The Replication Crisis Is an IS Problem Too

I was reading Podsakoff et al. (2003) for the third time last week when a number stopped me. In a typical behavioral research measure, roughly a quarter to forty percent of the variance can come from the measurement method itself, not from the construct being studied. That is not a minor footnote. When the same respondent fills out both the independent and dependent variables at the same moment, using the same Likert scale, the correlation between those variables is partly a mirage created by the shared method. Podsakoff and his coauthors showed that this common method bias can inflate observed relationships by a factor of three. And the remedy most researchers cite, Harman's single-factor test, does not actually control for the problem; it only checks whether one dominant factor emerges. It is a fig leaf.

I keep noticing this because I am living inside a comps reading list that forces me to reread the same foundational papers, and the gap between what those papers warn about and what the field actually publishes is getting harder to ignore.

Walk through any recent issue of a major IS journal and you will find the same dominant design: a single cross-sectional survey, all perceptual measures, same respondent providing every variable. Podsakoff et al. (2003) call this the recipe for common method bias. They recommend procedural fixes built into the design: obtain IV and DV from different sources, introduce temporal separation between measurements, vary response formats, counterbalance question order. These are design choices, not post-hoc statistical rituals. Yet I rarely see them treated as standard practice. When a paper does address common method bias, it is usually a single sentence about Harman's test. That sentence lets the authors claim they handled the problem. It does not handle the problem.
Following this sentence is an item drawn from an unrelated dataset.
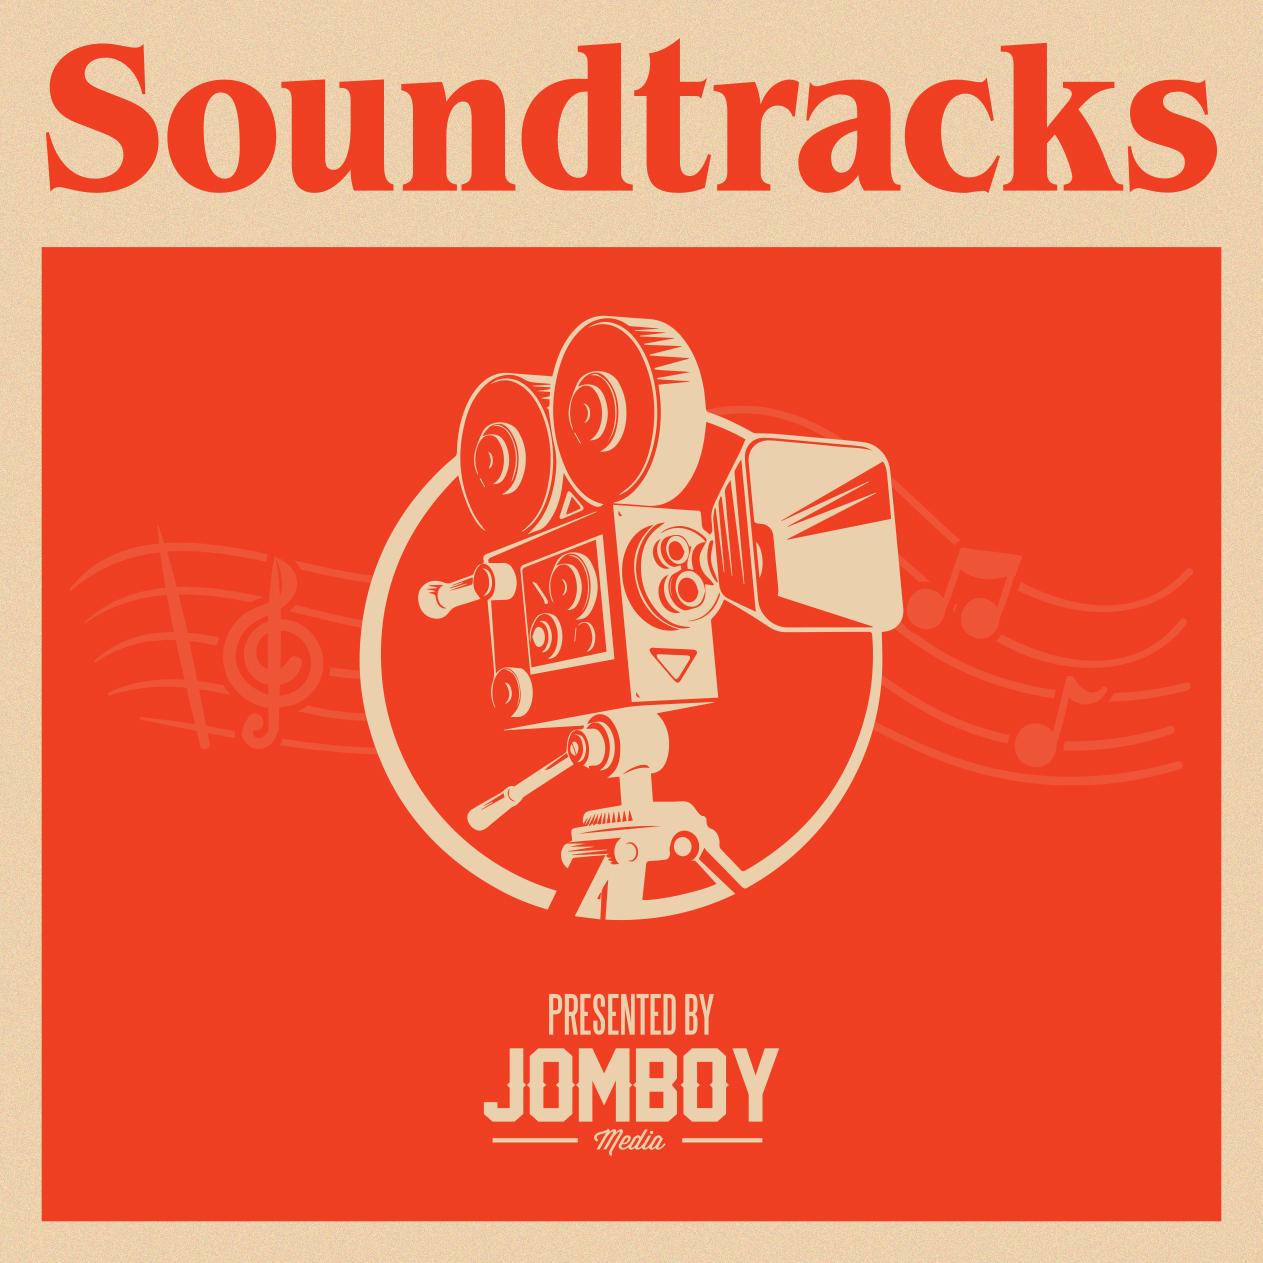 Jomboy Soundtracks logo
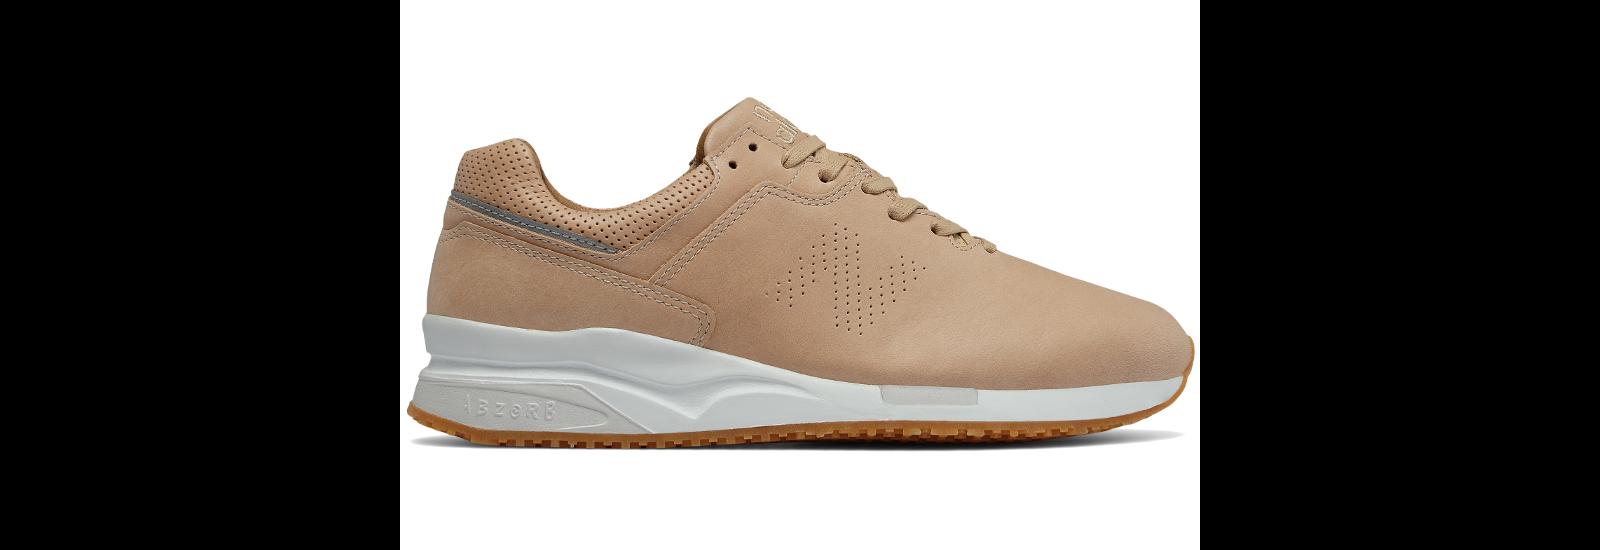 Nboutlet Pl New Balance Outlet Buty Odziez Oraz Akcesoria Do Biegania New Balance Shoes Sneakers

The issue runs deeper than survey design. It touches how we choose and justify our statistical tools. Chin (1998) introduced PLS-SEM as a component-based alternative to CB-SEM, one suited to prediction-oriented research, formative constructs, and less mature theories. The logic was clear: PLS maximizes explained variance, so use it when the goal is prediction or theory development, not when you want to confirm a well-established theory. Over the last decade, that logic has been inverted. PLS-SEM has become the default for anyone whose sample is small, whose data are non-normal, or whose model fails to converge in AMOS. I have watched this in paper after paper. Researchers justify PLS not by research goal but by data weakness. That is not a methodological choice. It is a shortcut. PLS is not a rescue tool. It is a different methodology with different goals, and using it to dodge data problems turns a prediction technique into a black box that generates significant paths under almost any conditions.

If the method is flexible and the design is fragile, the findings become difficult to trust. Multiply that by the most cited theory in the field. Davis (1989) built the Technology Acceptance Model as a clean, parsimonious chain from perceived ease of use to perceived usefulness to behavioral intention. Venkatesh et al. (2003) later consolidated acceptance research into UTAUT. Both models were elegant. The field, however, has run thousands of survey-based TAM studies, and the vast majority measure perceived usefulness and self-reported use from the same respondent at the same time. When common method bias inflates those paths by design, the significant coefficients become artifacts of the measurement process. I keep asking myself how many of those published TAM effects would survive if the independent variables were collected from a different source, or if use were measured with objective system logs rather than a self-report item. I am not sure we know, because almost no one tries to replicate TAM under stricter conditions. The theory has been tested to death, but it has rarely been tested well.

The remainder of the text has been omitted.